Ночь она провела дурно. Обрывки странных и тревожных сновидений в беспорядке проходили перед её закрытыми глазами. Сон был тонок, как водяная плёнка. Всю ночь она чувствовала себя спящей и рассматривающей утомительные картины и в полузабытьи думала: — какие напрасные видения.
Когда утренним солнцем озарился колодец, и свет лёг на постель, Аэлита вздохнула, пробудилась совсем и сейчас лежала неподвижно. Мысли её были ясны, но в крови всё ещё текла смутная тревога. Это было очень, очень не хорошо.
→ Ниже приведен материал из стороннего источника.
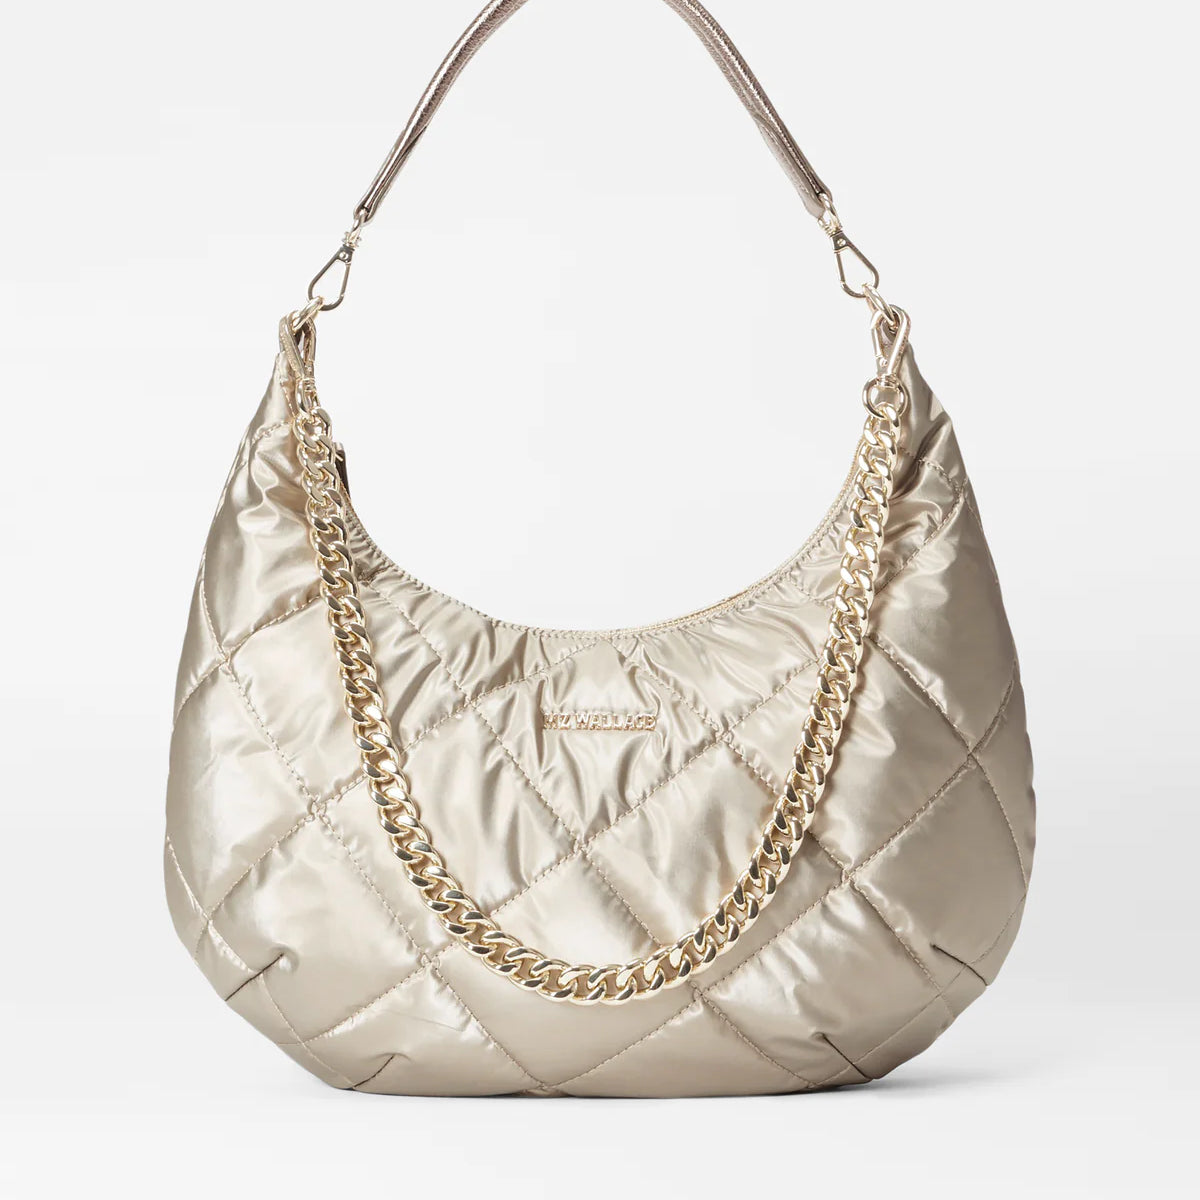 'MZ Wallace' Quilted Madison Shoulder Bag II

«Тревога крови, помрачение разума, ненужный возврат в давно, давно прожитое. Тревога крови — возврат в ущелья, к стадам, к кострам. Весенний ветер, тревога и зарождение. Рожать, растить существа для смерти, хоронить, — и снова — тревога, муки матери. Ненужное, слепое продление жизни».
Так раздумывала Аэлита, и мысли были мудрыми, но тревога не проходила. Тогда она вылезла из постели, пошарила ногами туфли, накинула на голые плечи халатик и пошла в ванную, — разделась, закрутила волосы узлом и стала спускаться по мраморной лесенке в бассейн.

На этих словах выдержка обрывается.